Si en el ámbito de la influencia social del cartesianismo las mujeres pudieron ser promovidas a sujetos epistemológicos, con la Revolución francesa se van a dar las condiciones para su constitución en sujetos políticos. Para ello fue necesario el desarrollo de la Ilustración como un complejo proceso reflexivo en que la razón, como lo afirma Cassirer, se constituye, no en fundamento de sistemas, sino en una idea-fuerza. Pertrechados con la misma, los ilustrados protagonizan una gran polémica en torno al status quo y sus instituciones en la que emerge la crítica con todas sus virtualidades, poniendo de manifiesto la necesidad de nuevas legitimaciones en diversos órdenes. La crítica a las bases de la legitimidad de los poderes constituidos del Ancien Régime conlleva lo que llamaremos una crisis de legitimación patriarcal. Ya no se trata sólo -aunque también- de denunciar los abusos de un sistema de dominación, sino de irracionalizar las bases mismas sobre las cuales ese poder se sustenta. Para ello, las mujeres encontrarán un recurso que les dará mucho juego: la resignificación del lenguaje revolucionario, que consistirá en el desplazamiento a nuevos referentes de los significados demostrativos de aquellos términos que usaban los revolucionarios para atacar al Ancien Régime. Así ocurre con términos tales como "aristocracia", "privilegio", etc., que son usados haciendo referencia a los varones y a su posición de dominio sobre las mujeres.

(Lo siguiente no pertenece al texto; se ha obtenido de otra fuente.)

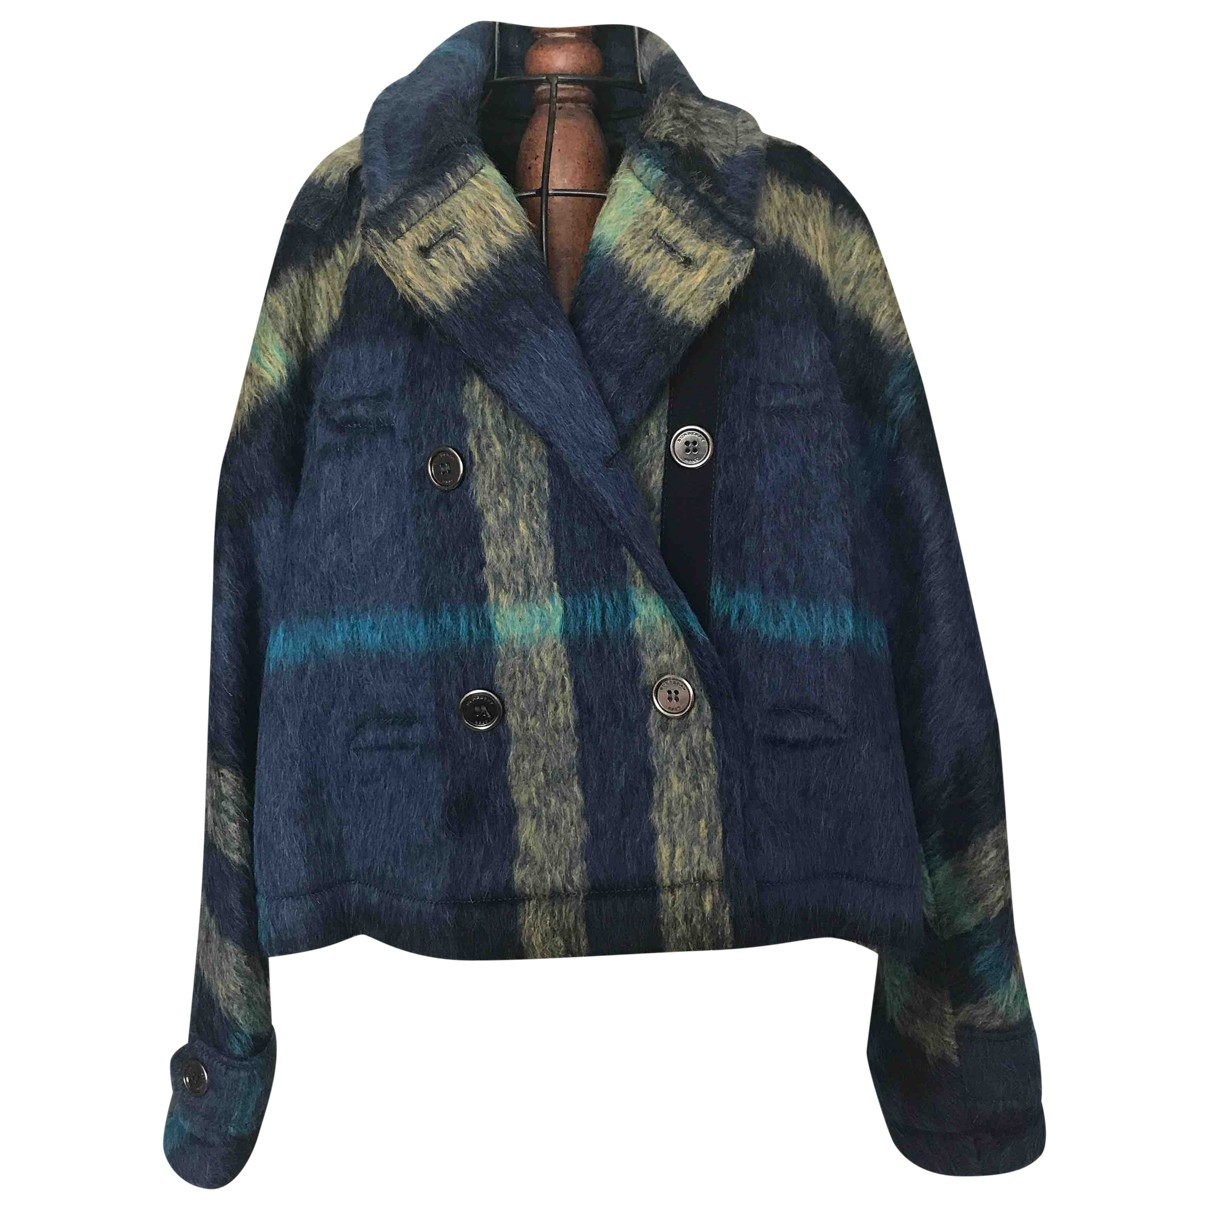 Burberry \N Jacke in  Blau Wolle

Las mujeres, en su resignificación del concepto de Tercer Estado para poder aplicárselo a ellas mismas, ponen de manifiesto la incoherencia patriarcal consistente en irracionalizar los fundamentos sobre los que se basa una sociedad jerárquica para convalidarlos sin embargo en su jerarquización de los sexos, introduciendo así de nuevo la lógica estamental. Al mismo tiempo, las féminas desnaturalizan las heterodesignaciones patriarcales de que son objeto ("el bello sexo") y, en la medida misma en que politizan su situación y su lenguaje, pasan a autodesignarse como sujetos: se asumen como el segundo estamento del Reino. Y, desde ahí, formulan lo que quieren: la condición de ciudadanas. Olympe de Gouges, consciente de la no inclusión de las mujeres en la proclamación de los "Derechos del Hombre y del Ciudadano", escribió en 1792 la "Declaración de los Derechos de la Mujer y de la Ciudadana". Las vindicaciones dispersas que se habían ido formulando se articulan en ella formando un cuerpo teórico consistente. Se puede considerar una crítica del malestar en la cultura, tema que se remonta hasta los cínicos y pasa por Rousseau, y que nuestra filósofa modulará irracionalizando las bases de la cultura en tanto que patriarcal. Promociona así la naturaleza a paradigma normativo para poner de manifiesto lo ilegítimo de la dominación masculina. Así, interpela al varón desde una posición de sujeto.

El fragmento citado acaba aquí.